Exercise instructions: Skip every line before the one containing "England 1850-1880.", then copy that line and the rest of the entries below exactly, through the last line.

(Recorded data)
================

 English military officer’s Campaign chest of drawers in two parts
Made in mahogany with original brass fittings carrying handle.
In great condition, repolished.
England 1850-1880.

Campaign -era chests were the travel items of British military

================

Task output:
England 1850-1880.

Campaign -era chests were the travel items of British military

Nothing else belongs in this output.